Greenland’s predicament is not isolated. Across the globe, smaller communities find themselves bargaining chips in great-power competition: Pacific islands negotiating infrastructure with competing donors; mineral-rich regions in Africa courted by multinational corporations and states. The Arctic, warming twice as fast as the global average, amplifies these pressures.

Ask yourself: what does sovereignty mean in a world of transnational threats and transboundary climate impacts? How do we balance the legitimate security concerns of states with the rights and mental well-being of local populations? These are not abstract questions. They shape whether a child in Nuuk sleeps through the night or wakes fearful of the future.

Where do we go from here?

For now, Greenland’s leadership and Denmark have been steady partners, saying they will defend the islanders’ choices. Prime Minister Nielsen has reiterated that Greenlanders would choose Denmark over being governed from abroad if forced to choose — a statement revealing both attachment and the fraught continuum between autonomy and dependency.

Practical steps exist: transparent consultations, legal guarantees of land and cultural rights, and regional security frameworks that include Arctic peoples at the table, not at the margins. Experts suggest multilateral mechanisms for Arctic governance could be strengthened to reduce the temptation of unilateral moves.

  • Greenland area: approximately 2.166 million km².

  • Population: roughly 56,000, majority Inuit.

  • Key U.S. presence: Thule Air Base, in operation since 1951.

  • Annual Danish block grant: around 3.6–3.8 billion DKK (estimates vary by year).

Closing thought

Walking back from the harbour, an older woman paused to look at the sky. “This place remembers,” she said. “The ice remembers the shape of our boats. The land remembers our names. We are not a map to be redrawn for convenience.” Her words lingered like the aurora’s afterglow.

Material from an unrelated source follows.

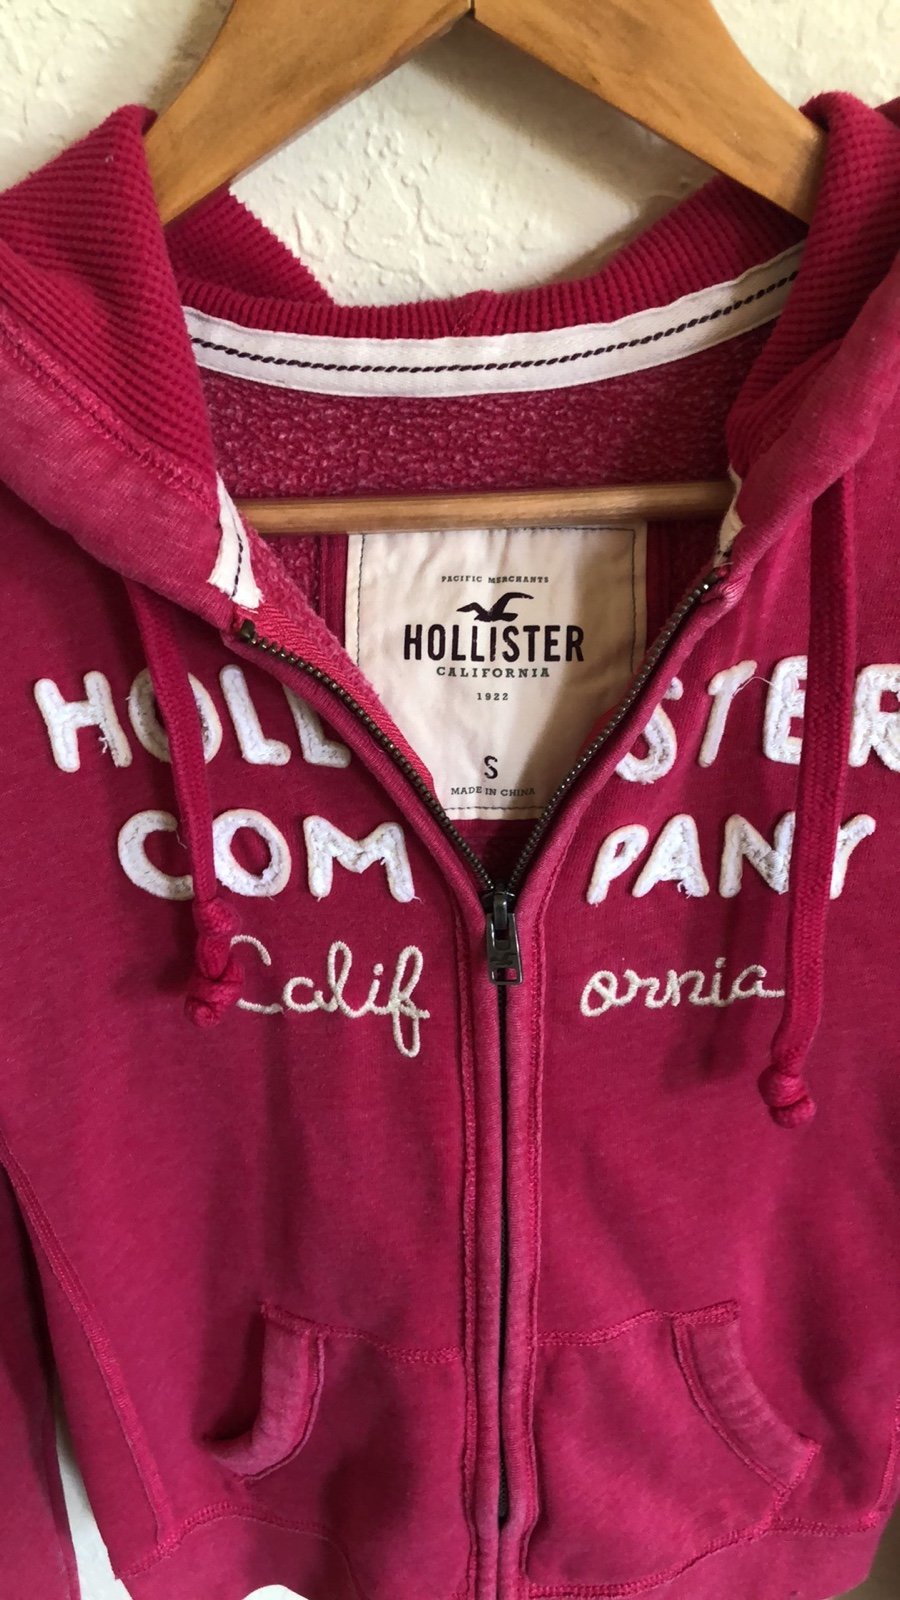 Gorgeous Hollister woman’s zip hoodie pH4gNY2Bw outlet online shop

It is tempting to see Greenland merely as a chess square on a map of global rivalry. But the island pushes back: it asks to be seen as a community with histories, attachments, and rights. If the world hopes to govern the Arctic wisely, it must begin there — with listening, with respect, and with policies that put people before geostrategic expedience. Will Western powers learn that lesson? The answer will shape more than Arctic policy: it will tell us whether the 21st century can reconcile strategic necessity with human dignity.